Миниатюра из Лицевого летописного свода

Что же сказать о себе самом? С каким лицом, позволю спросить, дерзнул бы я столько раз ездить в Польшу и Литву, показываться на глаза королей польских, Сигизмунда, отца и сына{119}, принимать участие в государственных собраниях поляков, взирать на тамошних вельможных мужей, если бы я оказывал в этом деле содействие моему государю, от имени и со слов которого я очень часто по-братски, по-дружески, милостиво и благосклонно докладывал и королю, и сословиям все то, что может сообщить соединенный с ними самыми тесными узами доблестнейший и все-милостивейший император? Если нет тайны, которая бы не раскрылась, то, конечно, давно уже обнаружилось бы все то, что я сделал недостойного согласно со своей обязанностью. Но я утешаю себя сознанием своей правоты, а надежнее этого утешения нет. И я счастлив пользоваться милостью королей польских и доброжелательностью польских сословий, которая, сколько помню, никогда меня не покидала.

Возможно, и были такие времена, когда можно было распространять такие слухи, возбуждая меньшую, чем ныне, ненависть. Но сеять их в настоящее время — не значит ли изыскивать способ к разрушению взаимного доверия весьма тесно связанных между собой государей, тогда как его следовало бы упрочивать и укреплять со всяким усердием и рачением? Кажется, сделано и переделано уже все, что, по общему мнению, могло бы иметь важное значение для сохранения остатков Венгрии и для возвращения потерянного. Но те, кому такое положение вещей и прежде приносило немало выгод и должно было принести еще больше, заразясь турецким или каким-то еще злым духом, забывают о договорах и соглашениях и стремятся к опасным переменам. Они не учитывают при этом, какой опасности они могут подвергнуть и себя самих, и соседние земли, а прежде всего Венгрию, оказавшую столь выдающиеся услуги всему христианскому миру.

Аппендикс, или дополнительные сведения

о последних деяниях московитов

Московский великий князь Василий, в самом деле присоединив, как говорилось выше, много областей и княжеств, весьма расширил свою державу. Особенно же в 1513 году по Р. X. вел он тяжелую войну против Зигмунда польского и вследствие помощи и предательства Михаила Глинского захватил известный город и область Смоленск, завоеванную более ста лет назад Витольдом, великим князем литовским. И хотя в следующем, 1514 году поляки с большим войском двинулись к русским пределам и одержали славную победу, так что на поле битвы под Смоленском погибло более тридцати тысяч московитов, как о том подробно повествуется в истории Павла Иовия, они так и не смогли вернуть себе этот город и сильное княжество, которые и до сего времени пребывают во власти московитов.

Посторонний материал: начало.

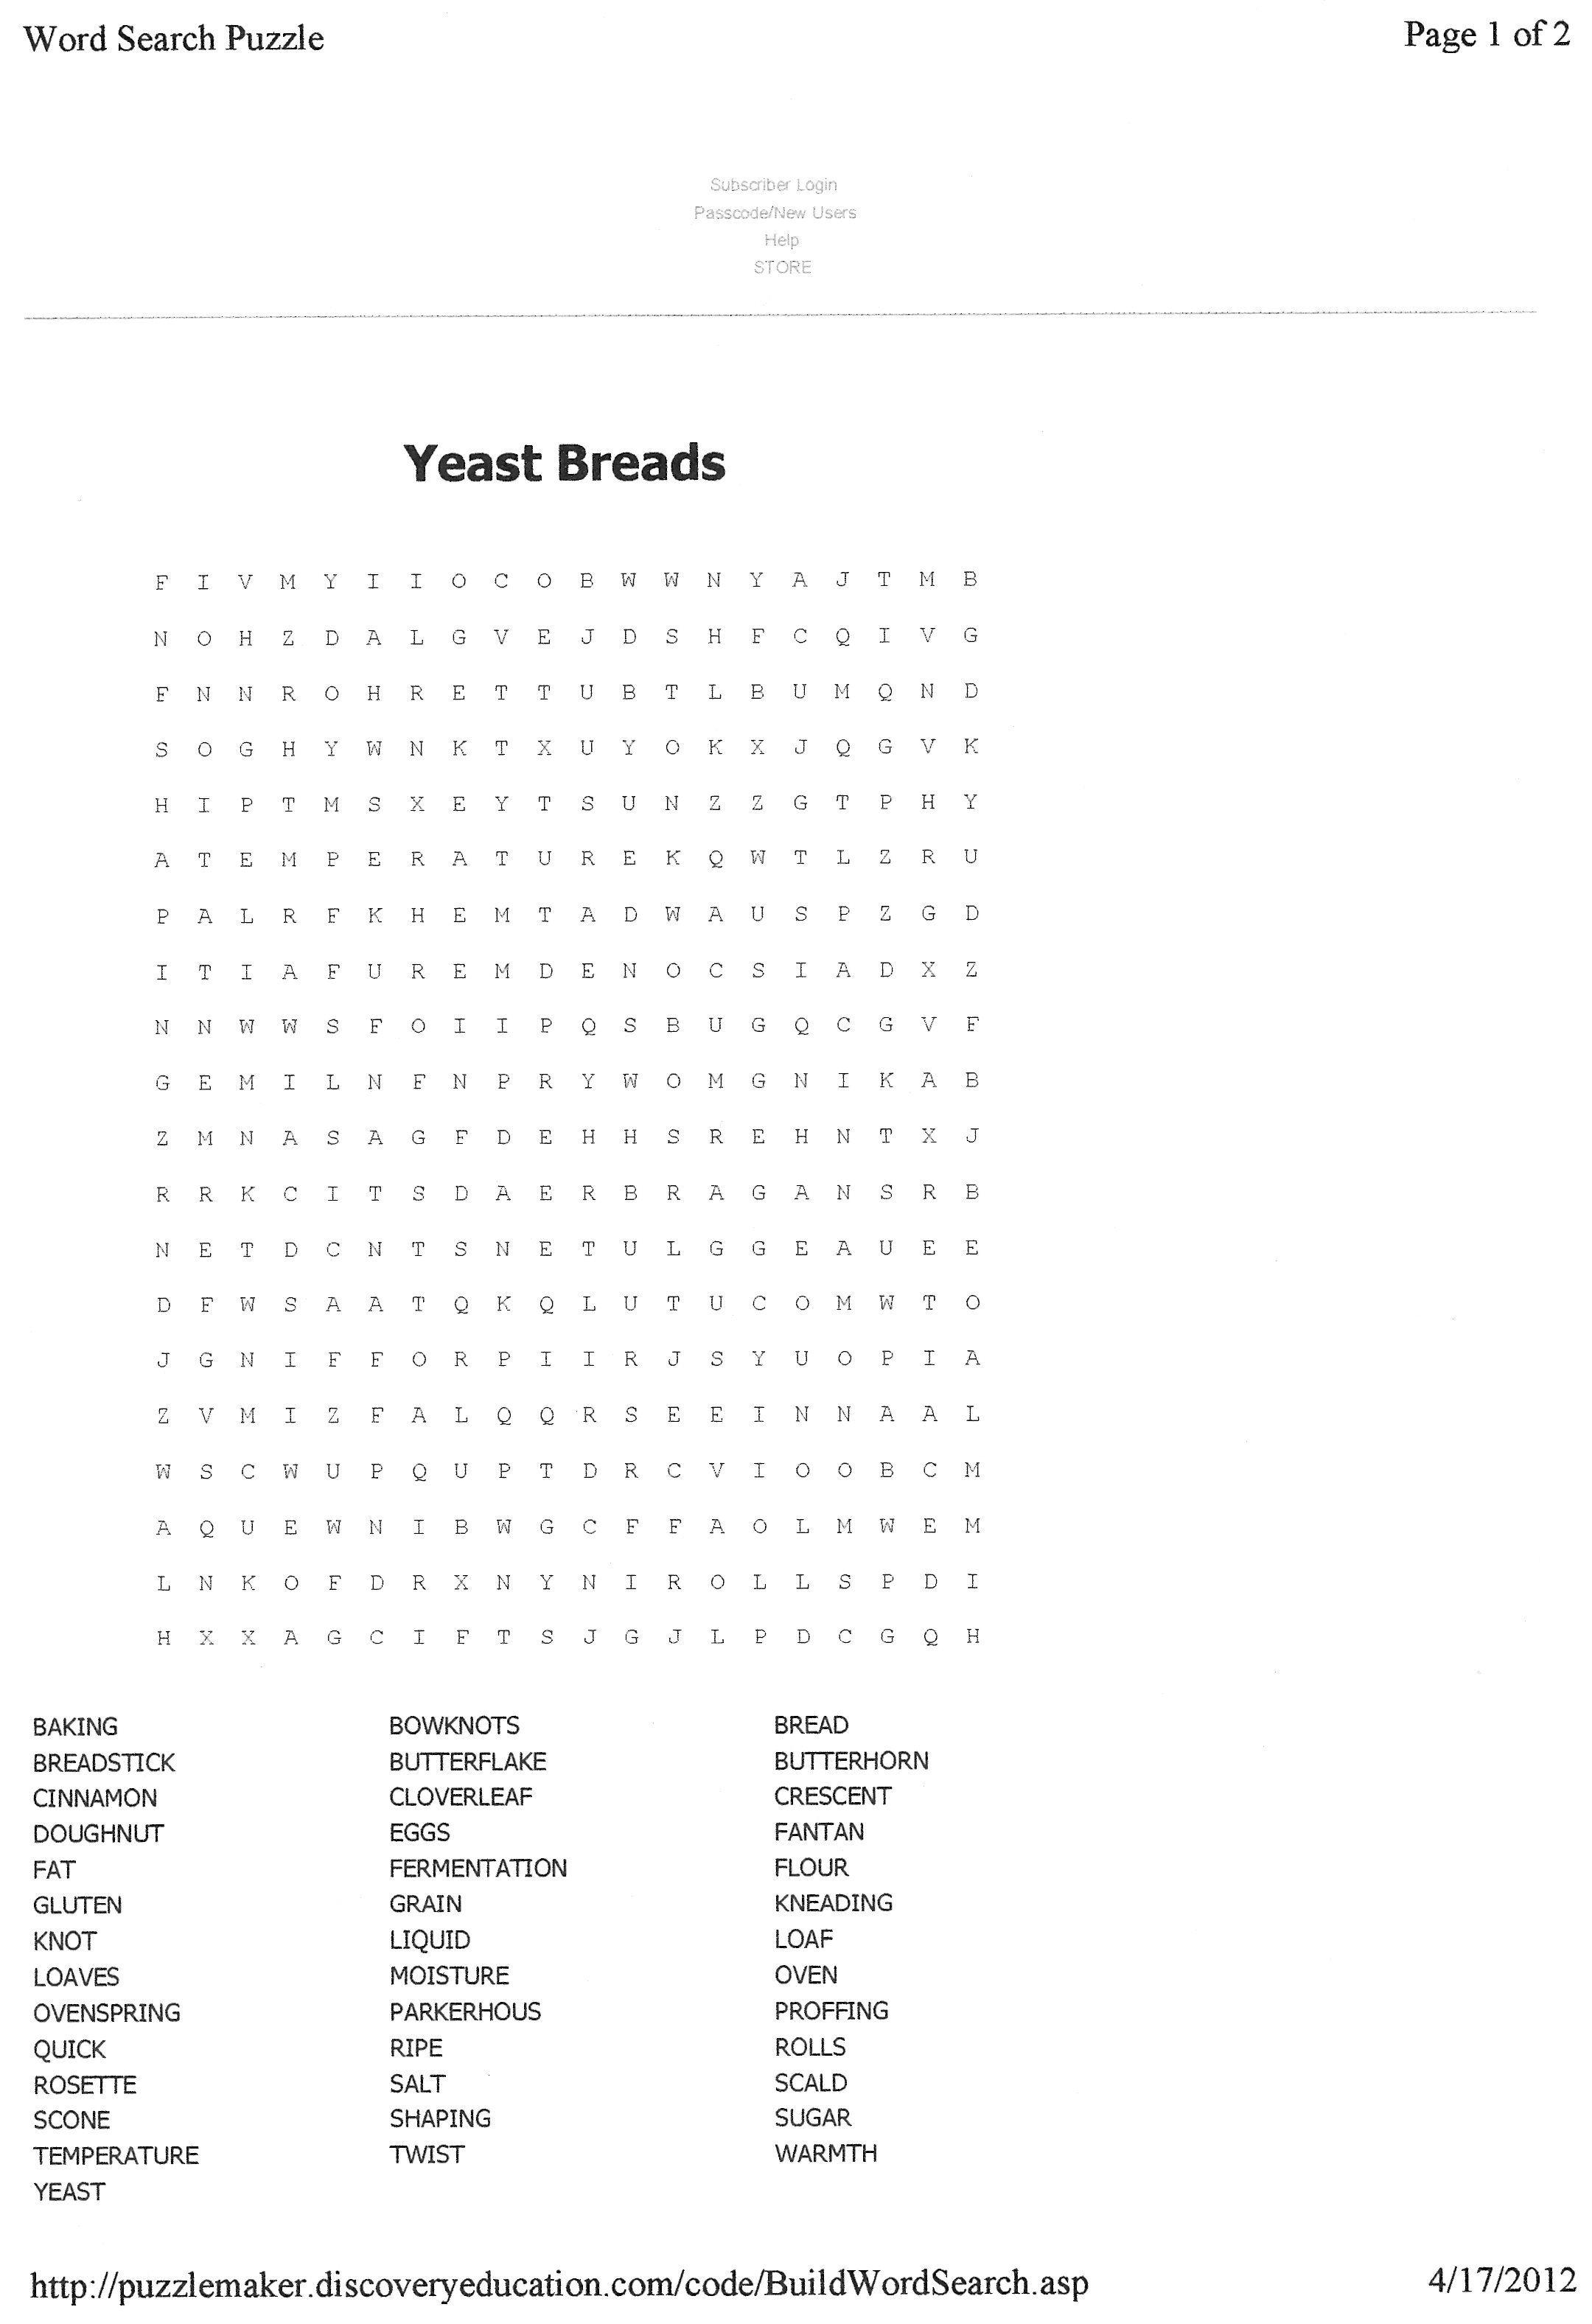 Yeast Bread Word Search Image

Далее, в 1518 году великий князь московский Василий снова с чрезвычайно большим войском вторгся в Литву с намерением завладеть всей этой страной, но встретил столь сильное сопротивление короля Зигмунда, что, ничего не добившись, вынужден был вернуться назад.

После этого события благодаря серьезному вмешательству императора Максимилиана, а затем императора Карла и его брата Фердинанда между христианами и московитами был устроен мир или перемирие. Однако тем временем Василий завладел большими территориями на востоке и юге, расширив свое государство. Наконец, в 1527 году они снова выступили с татарами, в результате чего произошла известная битва при Каневе в Литве: тогда было побито также более двадцати шести тысяч неверных, после чего вновь последовало перемирие. В следующем году у великого князя Василия родился его младший сын Иоанн, который впоследствии унаследовал престол отца.

В 1553 году московский великий князь Иоанн вел серьезную войну против шведов, разорил многие области и в конце концов после большого кровопролития снова заключил мир.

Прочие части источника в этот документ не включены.